An Overview of Reinforcement Learning

強化學習概覽

This overview is largely based on this article: https://medium.com/@SmartLabAI/reinforcement-learning-algorithms-an-intuitive-overview-904e2dff5bbc.

 

Model-based vs Model free

  • Model: world model. Structured information about the environment. 利用了環境的結構性信息進行搜索。
  • Model-free method see the environment as a black box, only providing state and reward as numbers. No extra info can be emploited.

On-Policy vs Off-Policy

[source:https://www.quora.com/Why-is-Q-Learning-deemed-to-be-off-policy-learning]
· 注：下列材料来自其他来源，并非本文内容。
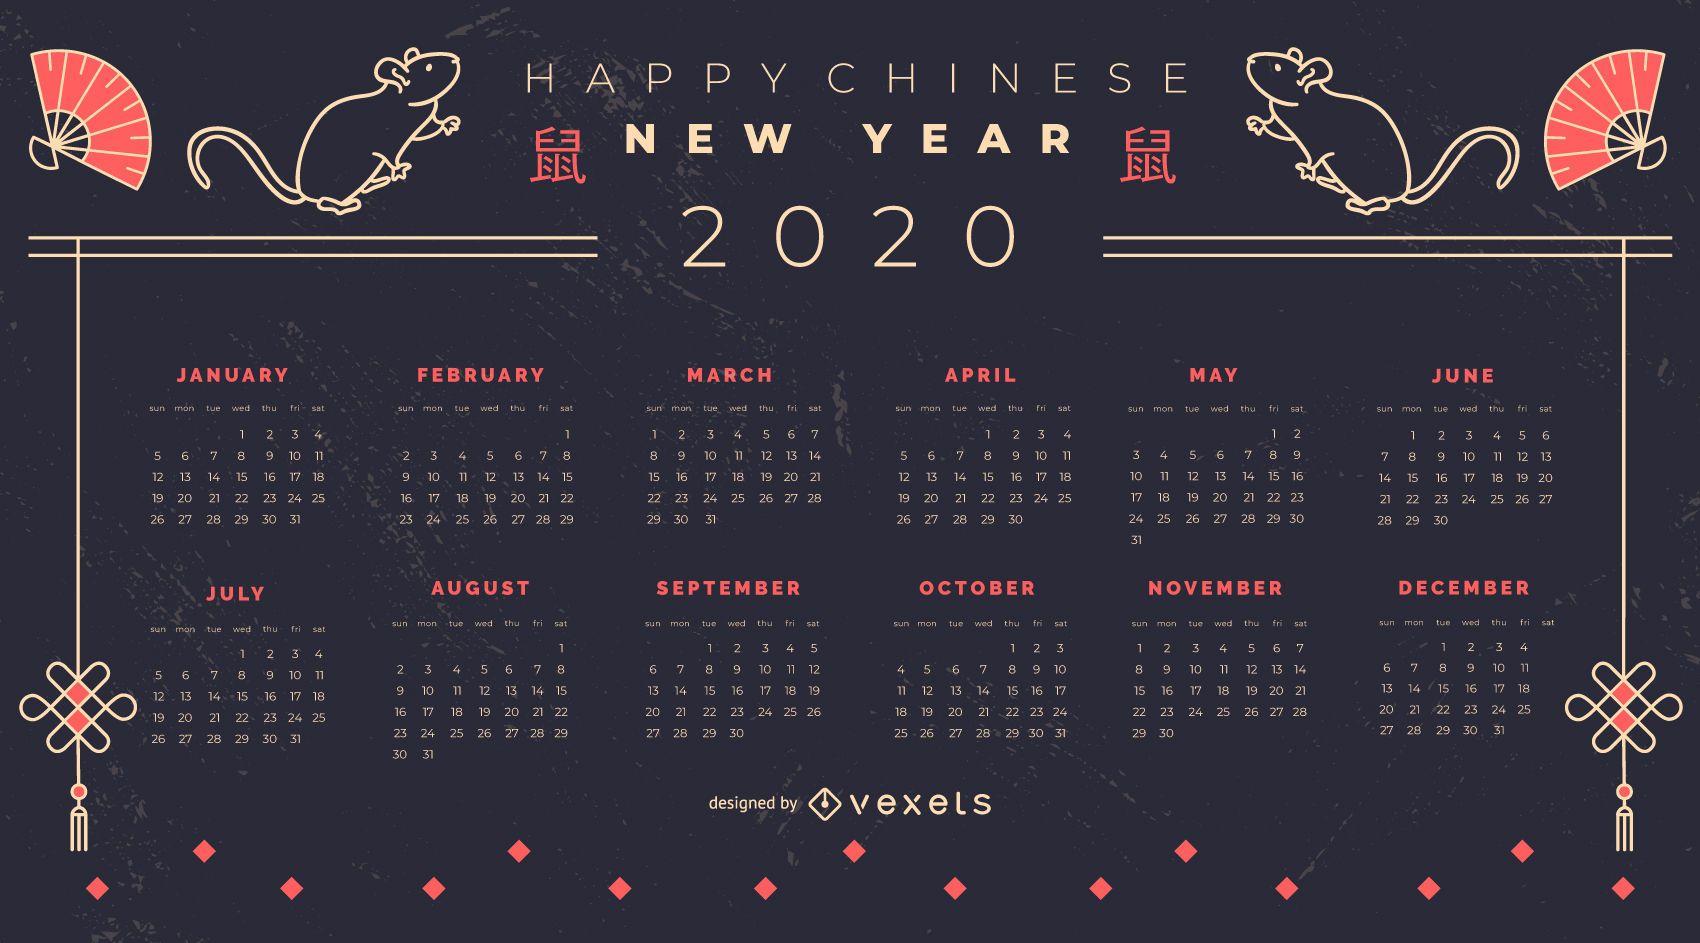 Chinese new year 2020 calendar design

主要判斷,在更新Q時,涉及到的Q(s',a')中的a'是否由當前actor根據s'得出,抑或是一種approximation like the max function in q-learning. 在使用replay-buffer的情況下,或者a'由target actor生成的情況下,稱爲off-policy。否則是on-policy。這是我個人瀏覽了很多信息後,目前的理解。[update 0413]見下圖,目前有了新的理解:remember Qfunction是基於TD的,前後action是有順序關係的。換句話說,train Q的時候,需要知道,是Q(?)跟當前的Q差了一個r。這時,如果此處的?與當前policy應當輸出的action相符,說明我們想要把Q 按照當前policy去train,所以是on policy。否則的話,如Sarsa,當前policy給出的是epsilon-greedy choice但是train Q的時候假定下一步是totally greedy的,所以Q與當前policy不符合,所以是off。
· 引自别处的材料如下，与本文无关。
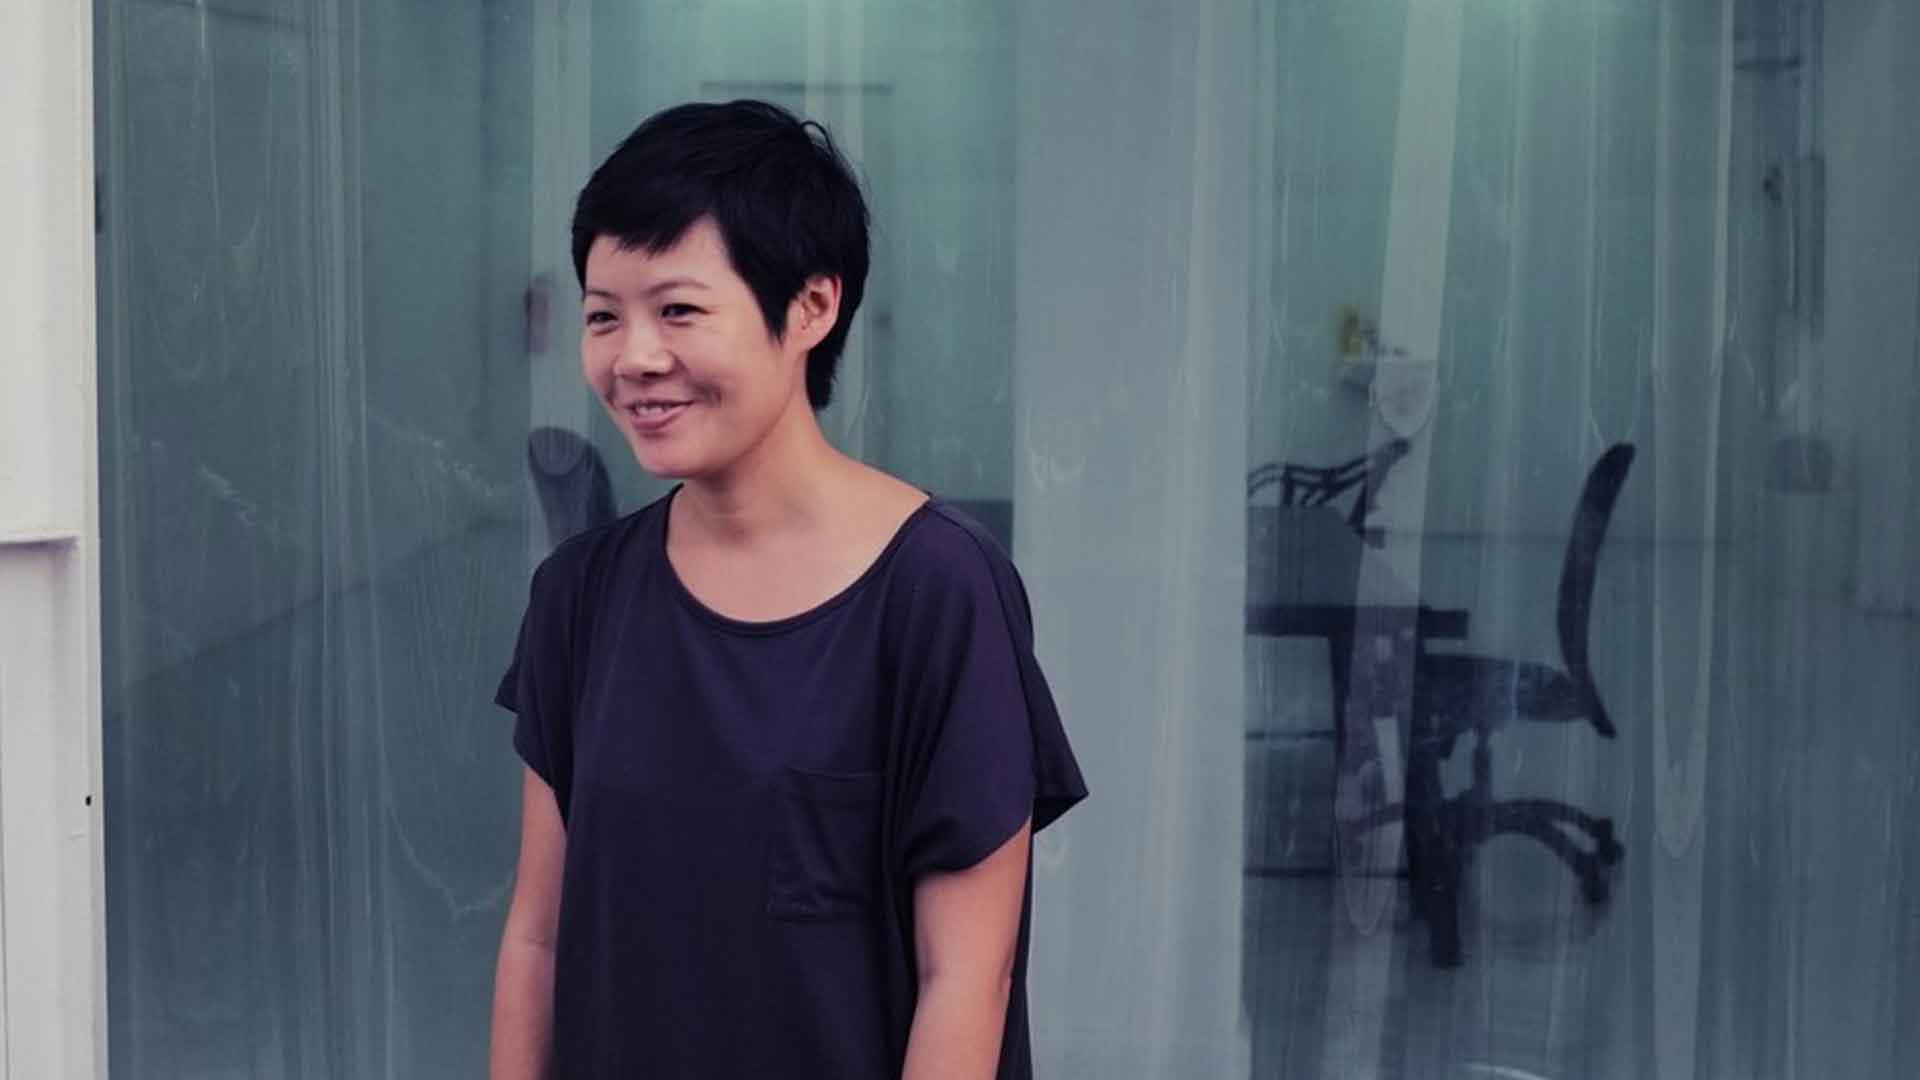 Focus 2017 // Anocha Suwichakornpong

涉及到replay buf時候,relay-buffer給出的a'是歷史上的某個policy的action,與當前actor所能返回的action不同,所以Q沒有在試圖把自己train成當前policy的評估函數,所以是off。

總結:判斷on還是off,取決於,train Q的時候,Q(s',a')中的a'與當前actor所建議的action是否相同。換句話說,我們是否在把Q train成當前police的評估函數。

 

那麼下一個問題來了:兩者應該如何選擇呢?下面這個回答可以參考一下,特別是對於'take action'的理解。所以總的來說q learning off policy直接learn optimal policy但是有可能會不穩定,難以converge等。Sarsa相對conservative一些,所以當training代價比較大時可以考慮。
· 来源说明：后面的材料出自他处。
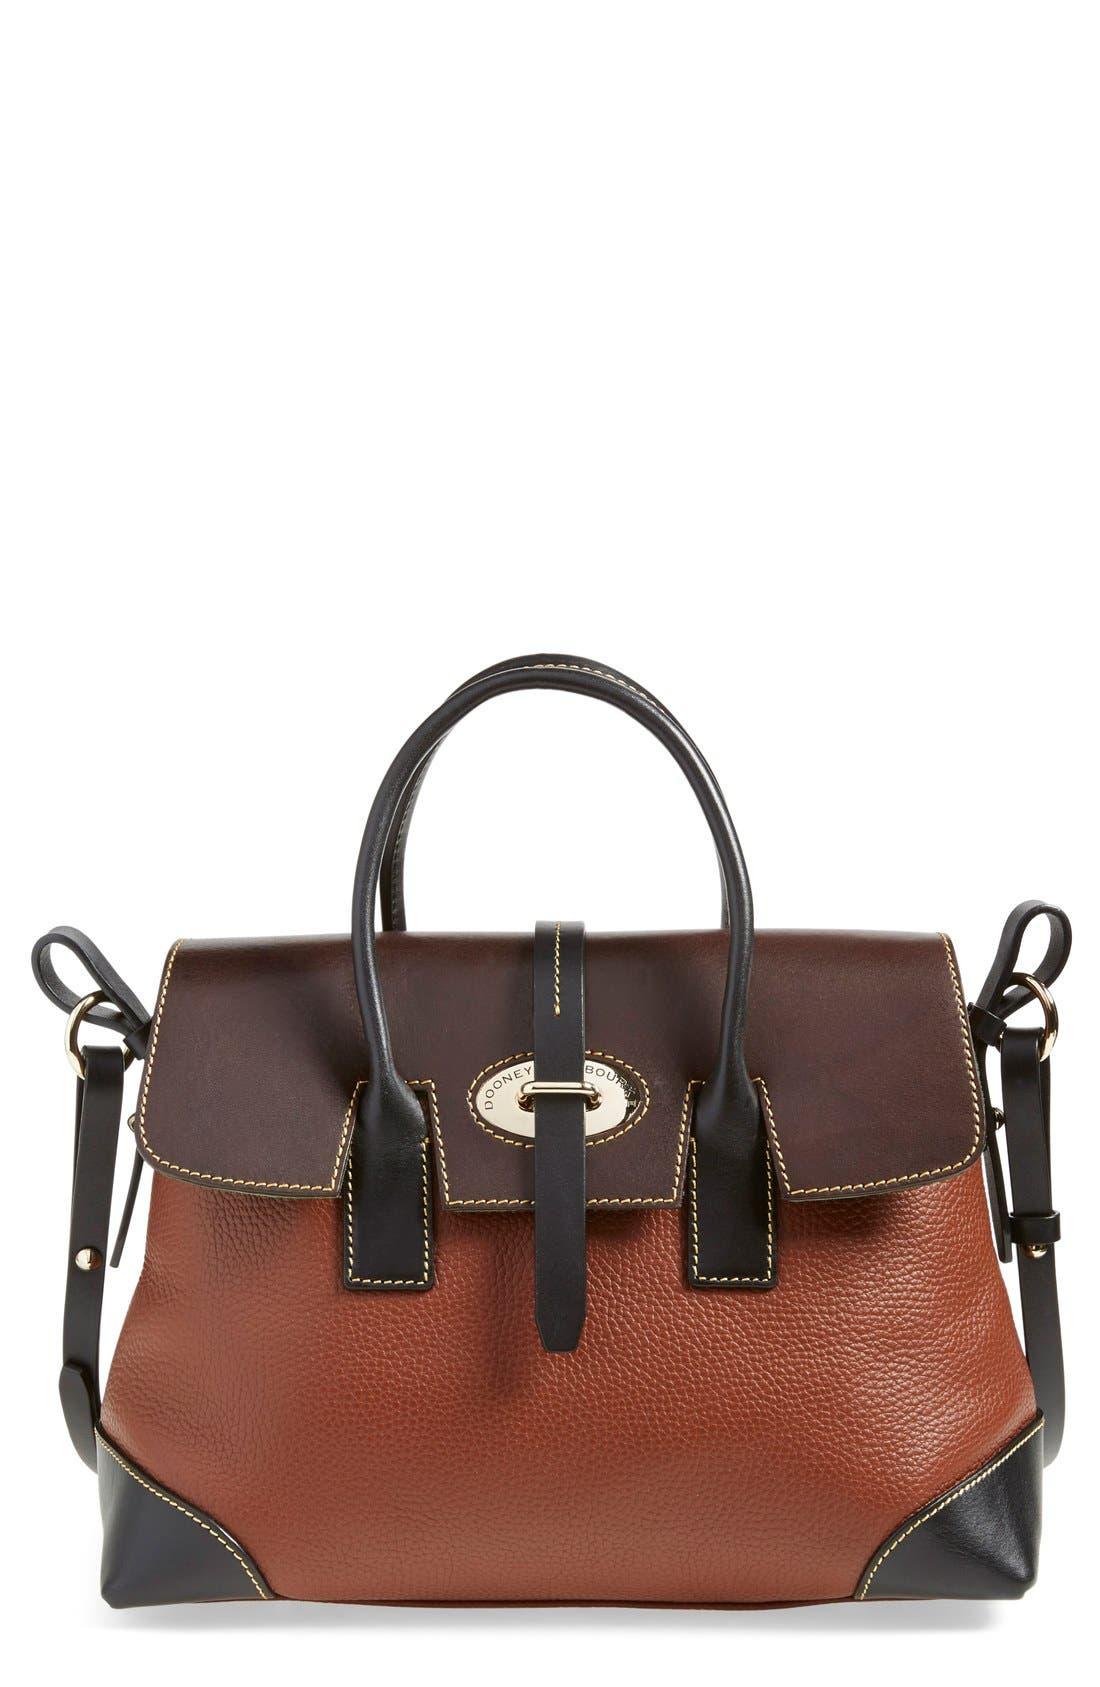 Alternate Image 1 Selected - Dooney & Bourke 'Verona Large Elisa' Grained Leather Satchel

https://stats.stackexchange.com/questions/326788/when-to-choose-sarsa-vs-q-learning

最後一個疑問,今天意識到TD本質上是有時間順序在的:Q(s,a) for a->a'->a'' 和 Q(s,a) for a->a''->a'兩者的值可能本來就不能一致。針對TD背後的思想,需要進一步思考

On-policy v.s. Off-policy

An on-policy agent learns the value based on its current action a derived from the current policy, whereas its off-policy counter part learns it based on the action a* obtained from another policy.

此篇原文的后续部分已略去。